NASHVILLE — Certain old-fashioned words from fairy tales and storybooks still cling to me from childhood. Moor. Vale. Bog. Glade. For a child, such words conjure magical places — untouched, holy lands where fairies might live and animals might speak in ways I understand. Not long after I moved to Tennessee, I heard the term “limestone cedar glade” for the first time and immediately thought again of magic. But I’ve been here almost 32 years now, and until last week I had never visited the site of one of conservation’s greatest success stories: the Tennessee coneflower.
This unassuming purple flower is a member of the echinacea family. It grows in a tiny ecological niche — the limestone barrens and cedar glades of Tennessee’s Davidson, Rutherford and Wilson Counties. In limestone cedar glades, rock formations lie so close to the surface that soil is too shallow for the kinds of trees that grow in the deciduous forests surrounding them. Instead, this hot, stony land supports vegetation more typical of grasslands or deserts, including uncommon wildflowers: limestone fame flower, limestone glade milkvetch, cedar gladecress, glade savory, glade violet, glade bluet and a host of others.
The star of the cedar glades of Middle Tennessee is the Tennessee coneflower. First identified as a distinct species in 1898, it was for decades assumed to be extinct. In 1968 it was rediscovered by Elsie Quarterman, a legendary Vanderbilt botanist, who immediately went to work to protect it. The Tennessee coneflower became one of the first plant species added to the Endangered Species List.
Through the combined efforts of Dr. Quarterman, the Tennessee chapter of the Nature Conservancy, the Tennessee Department of Environment and Conservation, the National Park Service and the U.S. Fish and Wildlife Service, as well as many private and corporate donors, the Tennessee coneflower population rebounded. It was removed from the endangered species list in 2011. Dr. Quarterman attended the delisting ceremony at Cedars of Lebanon State Park. She was 101.
The Tennessee coneflower is not the only species to return from the dead. Other so-called Lazarus species include the New Guinea wild dog, the Nelson shrew, the stubfoot toad, the tahake bird and the Bocourt’s terrific skink, just for starters. (There is also some hope for the Formosan clouded leopard, with a number of yet-to-be-confirmed sightings reported recently in Taiwan.) Each one reminds us that recovery is sometimes possible, even for a species believed to be lost forever.
When I made up my mind to visit one of Tennessee’s limestone cedar glades to see the Tennessee coneflower for myself, I wasn’t sure where to start. Today there are 35 colonies of the plant spread out across six different populations in Middle Tennessee, and some are far more accessible than others. So I called the Tennessee Division of Natural Areas and reached David Lincicome, manager of Tennessee’s Natural Heritage Inventory Program, which tracks rare and endangered species in the state. He recommended a trip to the Couchville Cedar Glade, which has one of the largest populations of the Tennessee coneflower, and this particular colony is easily reached via a level footpath, no GPS device required.

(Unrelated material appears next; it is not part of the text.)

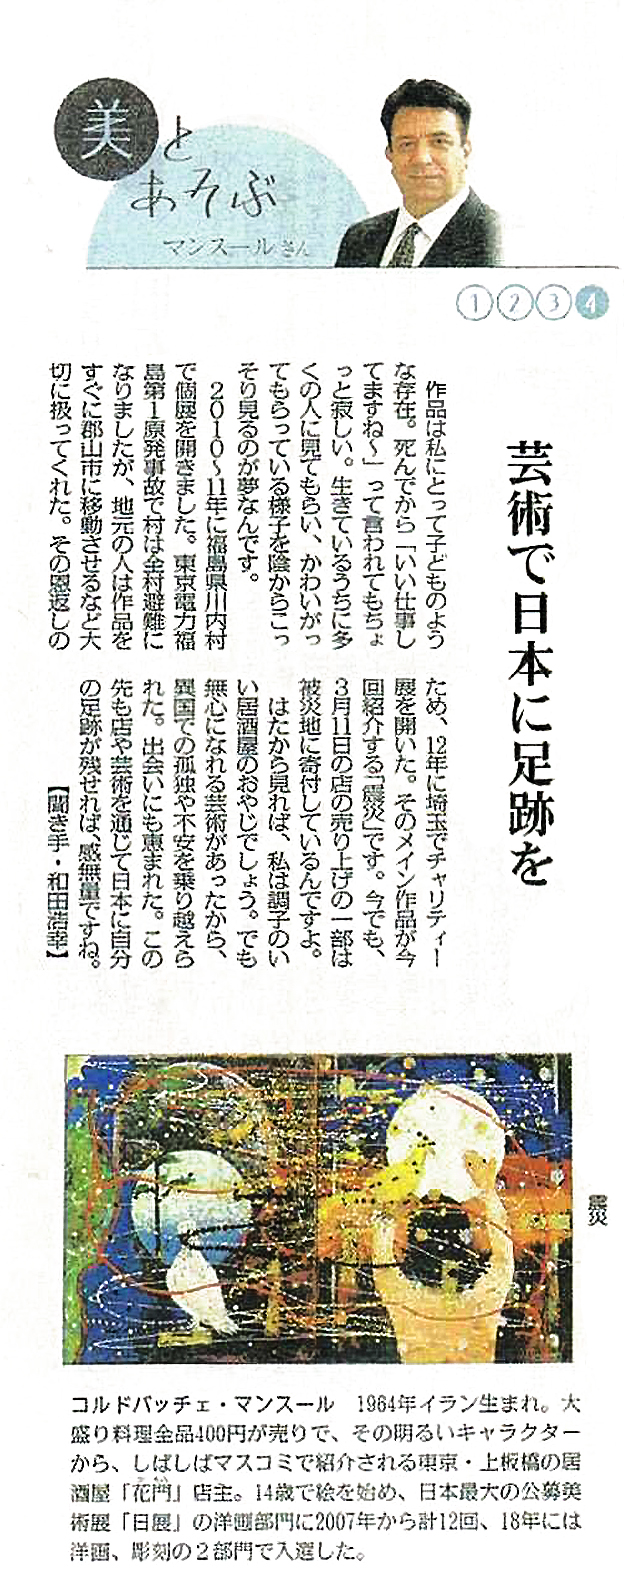 2020年10月12日の毎日新聞インタビュー記事。第4回。「芸術で日本に足跡を」

I knew what a limestone cedar glade is supposed to look like — more like a desert than the magical forest clearings of European fairy tales. But I was caught off guard by the alien nature of the landscape I found. The limestone glade is ringed by a kind of prairie — grasslands blooming outrageously with wildflowers: gray-headed coneflowers and Queen Anne’s lace and butterfly weed and pasture roses.
There were thousands of Tennessee coneflowers blooming all over the grasslands, too, and like the other wildflowers they were covered with bumblebees and butterflies. But what amazed me was the way they also bloomed right in the rocky barren of the limestone glade itself. They grew in the middle of the rocky path next to the prickly pear, Tennessee’s native cactus. They popped up out of what seemed to be solid stone. I would not have been more surprised to find flowers blooming on the moon.
There’s a great danger in hope, as Roxane Gay has pointed out: “Hope allows us to leave what is possible in the hands of others,” she writes. “When we hope, we have no control over what may come to pass. We put all our trust and energy into the whims of fate. We abdicate responsibility. We allow ourselves to be complacent.”
It’s no doubt a mistake to believe that everything will work out in the end. At the moment, everything is far, far from working out. But there’s as great a danger in despair as there is in unwarranted hope. Despair tells us that there’s no point in fighting, that there’s nothing to be done but surrender and make peace with the consequences. And if the consequences mean losing 50 percent of the world’s species — half of all the species that live, gone forever, gone in the lifetime of a baby born today — well, what’s to be done?
The lowly Tennessee coneflower tells us there is yet something to be done. It will not be easy, and it will cost money. It will not be solved by government alone, by the market alone, by advocacy alone or by personal responsibility alone. It will require everything we have, all the resources we can marshal.
But it can be done. The Tennessee coneflower reminds us that it can still be done. A flower that for decades was believed to be gone forever now grows in great profusion on what appears to be pure rock. If ever there was a Lazarus flower, this would surely be it — brought back from the dead, thriving in stone.